I saw on a friend made at his last house the ground was pure rock underneath. He found a deal on some used manhole sections. They are about 8 feet across inside diameter. The stack up and flange together and the bottom section had a 36 inch access hole in the side for a water pipe. first he wanted to try them horizontally but was having trouble making them stay together. He and I talked about stacking them. We leveled off the floor and set the first one down. then set the other on top with a boom truck. We added tar in the joints like they take. It made a pretty tall structure about 10 feet high. We formed the top and poured it. Then opened the bottom water pipe hole up to almost 4 feet. To insulate it we added brought in dirt after a few weeks piling it as it came in. 

It stays at a pretty constant temp. Its in the shade a and all the dirt mounded around it works pretty good. The shelving was a pain in the ass. It all had to be round with flat facing. Once he made the template for the shelves it went pretty quick. THey have also gon through a tornado in it to.


----------



## idigbeets

Have a cold basement? Cold corner of the barn? Frame it out, insulate it heavily, floor, walls, ceiling. I did this in my barn for an above ground cold storage and so far it works well. In summer if I need to store more items I can add a coolbot and air conditioner to keep it below 42F.


----------



## GBov

idigbeets said:


> *Have a cold basement? Cold corner of the barn?* Frame it out, insulate it heavily, floor, walls, ceiling. I did this in my barn for an above ground cold storage and so far it works well. In summer if I need to store more items I can add a coolbot and air conditioner to keep it below 42F.


One word.

FLORIDA!

Come summer time, NOTHING is cold, never mind cool lol.

taylorlambert, I like the idea of the culverts.


----------



## farminghandyman

I would consider a shipping container, I would most likely pour a thin cement cap on the roof, and then water proof the heck out of it and start to cover it,

I have seen school bus bodies use for in ground shelters as well, and top over with soil, using some concrete with some reinforcing for strengthening the roof, http://www.radmeters4u.com/arktwo/photoconstruct/photocon.htm

actual a old clean tank can work well, I used a 10 diameter tank for the top of my cellar, 

If I would have been thinking I would have just found a longer tank and rolled the whole tank in the hole and then built a floor in it or filled with some gravel and put a concrete floor in it, and welded on some angles and put in shelves,,


----------



## idigbeets

Are you willing to pay to cool this shelter/cellar? Shipping containers etc placed out in the Florida heat will suck down $$ to keep cool. Do you have ANY shaded areas that you can place things, I don't think mounding a little earth on top will do anything.


----------



## GBov

idigbeets said:


> *Are you willing to pay to cool this shelter/cellar? *Shipping containers etc placed out in the Florida heat will suck down $$ to keep cool. Do you have ANY shaded areas that you can place things, I don't think mounding a little earth on top will do anything.
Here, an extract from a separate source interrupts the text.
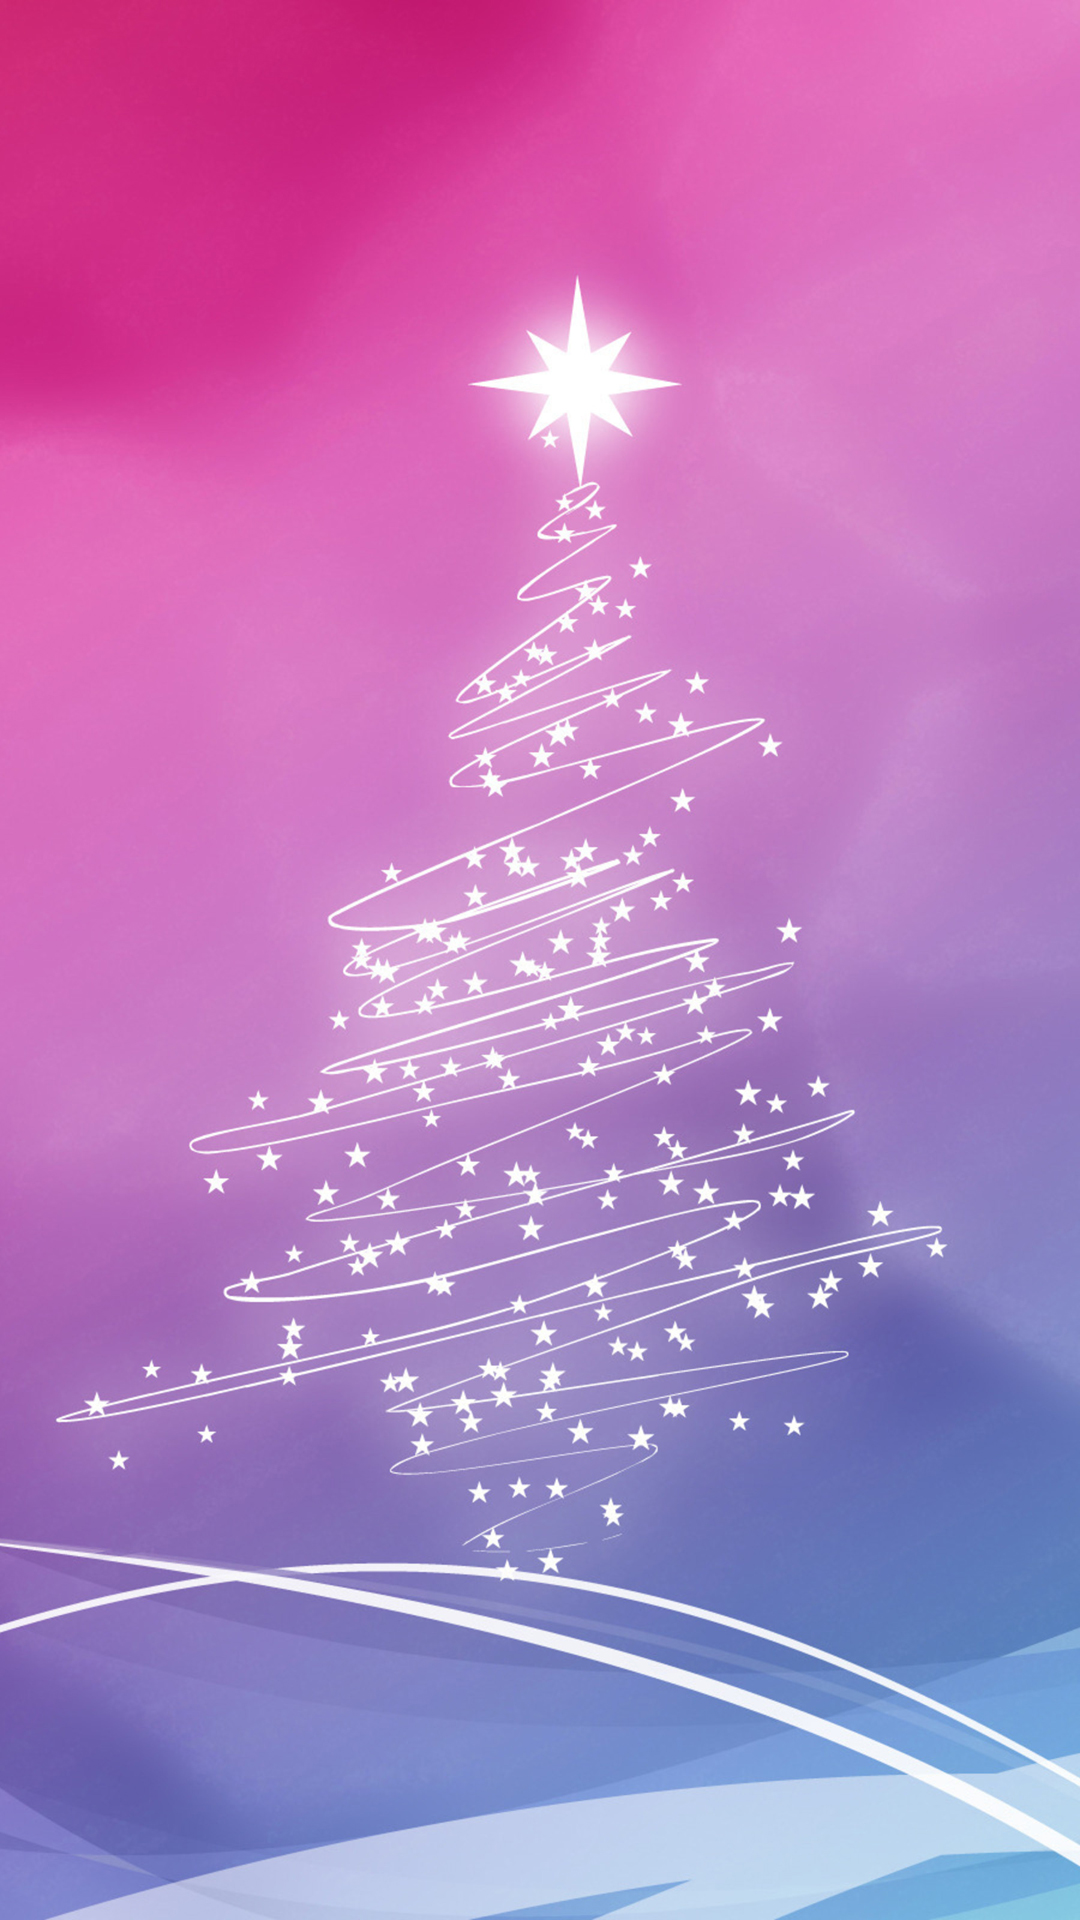 Immagini Natale Per Iphone 6.Christmas Tree Iphone Wallpaper Hd

Nope! And its not going to be a little earth, its going to be three or four feet over the top, mounded up the sides into quite a large hill. I am going to dig a nice pond so everything that comes out of it will go over the "cellar"

Will a shipping container take TONS and TONS of sand over the top of it?


----------



## PollySC

Same problem here in SC with the water table. What I wouldn't give for a basement ... I've been considering a similar idea based on how they stored sweet potatoes in the "old days". They piled them up on the sandy ground, sometimes on tarps, using pine straw as insulation. I'll be watching for more ideas -- thanks for starting this thread.


----------



## "SPIKE"

In the other root cellar thread, there is a link to a backwoods home magazine thread that has pictures of the one I built.
This fall/winter season has been way too warm for good storage in a root cellar in my area. Most of my potatoes were starting to sprout earlier than expected. Some of the winter squash have become food for the pigs. The sweet potatoes still look great.
But it is always good to have a storm shelter!:thumb:

SPIKE


----------



## idigbeets

I dont have any experience on the cooling capacity of burying a large container under tons of sand. I would imagine if you could keep the sand wet it might help... Sounds like a lot of work for something as simple as storing root vegetables. Are you talking tons of crops here?

I'd be more likely to put a few barrels of sand in an unused portion of house and store in there. It should offer less swings in temperature.


----------



## GBov

idigbeets said:


> I dont have any experience on the cooling capacity of burying a large container under tons of sand. I would imagine if you could keep the sand wet it might help... Sounds like a lot of work for something as simple as storing root vegetables. Are you talking tons of crops here?
> 
> I'd be more likely to put a few barrels of sand in an unused portion of house and store in there. It should offer less swings in temperature.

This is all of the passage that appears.